1. **Terminates on success:** a happy-path multi-step task reaches the semantic stop and returns the artifact *before* `MAX_STEPS` — caps are a safety net, not the normal exit.
2. **Terminates on failure:** force an unsolvable goal → the run hits `MAX_STEPS`/`MAX_USD` and **escalates** (returns a clear "could not complete" + trace), never an infinite loop and never a partial dressed up as success.
3. **No-progress break:** inject a tool that returns the same value forever → the loop detects the repeated `(tool,args)` and breaks/replans within ≤2 repeats, not at MAX_STEPS.
4. **Anti-drift:** run a long task with a distractor in tool output → final answer still serves the original `goal`; the off-goal result was discarded, not built upon.
5. **Replan on logical error:** make a tool reject the first args → the agent fixes args / switches tool and proceeds, and does **not** re-send the identical failing call.
6. **Budget guard:** set `MAX_USD` low → the run halts and escalates when spend exceeds it; cumulative cost in the trace matches actual usage.
7. **Approval gate:** an irreversible tool is never executed without the approval checkpoint firing first (assert it pauses and surfaces args).
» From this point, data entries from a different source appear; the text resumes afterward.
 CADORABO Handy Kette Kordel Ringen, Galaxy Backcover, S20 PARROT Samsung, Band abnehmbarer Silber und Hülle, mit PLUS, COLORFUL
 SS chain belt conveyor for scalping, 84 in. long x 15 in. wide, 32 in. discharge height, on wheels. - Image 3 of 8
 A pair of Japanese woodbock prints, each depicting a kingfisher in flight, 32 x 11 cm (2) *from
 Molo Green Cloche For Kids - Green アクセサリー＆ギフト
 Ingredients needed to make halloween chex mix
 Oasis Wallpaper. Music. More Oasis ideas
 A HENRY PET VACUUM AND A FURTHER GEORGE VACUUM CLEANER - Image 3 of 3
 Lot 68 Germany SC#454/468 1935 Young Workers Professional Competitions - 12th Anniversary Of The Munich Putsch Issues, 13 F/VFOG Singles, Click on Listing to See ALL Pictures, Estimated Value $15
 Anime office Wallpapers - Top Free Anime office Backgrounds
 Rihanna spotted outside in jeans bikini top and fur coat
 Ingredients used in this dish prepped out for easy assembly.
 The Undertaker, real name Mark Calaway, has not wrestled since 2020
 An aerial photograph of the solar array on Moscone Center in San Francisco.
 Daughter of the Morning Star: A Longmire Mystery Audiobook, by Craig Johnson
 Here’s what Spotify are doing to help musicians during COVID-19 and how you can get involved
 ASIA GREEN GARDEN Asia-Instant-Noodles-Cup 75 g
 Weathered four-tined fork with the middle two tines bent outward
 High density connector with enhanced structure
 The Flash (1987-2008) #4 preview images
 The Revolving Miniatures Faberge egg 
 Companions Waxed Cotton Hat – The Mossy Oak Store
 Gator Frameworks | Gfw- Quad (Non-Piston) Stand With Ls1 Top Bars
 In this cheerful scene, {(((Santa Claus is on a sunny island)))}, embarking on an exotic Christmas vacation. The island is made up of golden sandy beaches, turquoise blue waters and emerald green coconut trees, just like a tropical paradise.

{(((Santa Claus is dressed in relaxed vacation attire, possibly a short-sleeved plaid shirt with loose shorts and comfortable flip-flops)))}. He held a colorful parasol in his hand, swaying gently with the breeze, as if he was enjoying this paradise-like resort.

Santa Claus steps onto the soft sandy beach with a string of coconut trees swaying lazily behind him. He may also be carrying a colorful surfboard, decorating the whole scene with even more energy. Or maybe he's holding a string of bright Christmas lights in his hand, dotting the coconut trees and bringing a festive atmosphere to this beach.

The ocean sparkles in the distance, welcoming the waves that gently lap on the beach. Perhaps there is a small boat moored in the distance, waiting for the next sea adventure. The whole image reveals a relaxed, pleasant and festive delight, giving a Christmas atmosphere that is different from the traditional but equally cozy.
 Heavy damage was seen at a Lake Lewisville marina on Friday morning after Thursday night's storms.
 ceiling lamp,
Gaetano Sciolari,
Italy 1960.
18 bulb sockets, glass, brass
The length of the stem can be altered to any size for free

8. **Subagent isolation:** parent context size after a subagent task stays bounded — the child returned a summary, not its transcript (check token count, not just correctness).
9. **Harness:** ≥3 multi-step scenarios with machine-checkable success criteria (artifact exists / check passes / expected state reached) run green in CI, including at least one designed-to-fail case from check 2.

Done = on the multi-step harness the agent finishes happy-path tasks via the semantic stop, every failure/runaway path escalates within the step+budget caps (no infinite loops, no partial-as-success), each step is verified and re-grounded on the goal, irreversible actions are gated, and subagents return summaries — all evidenced by the per-step trace.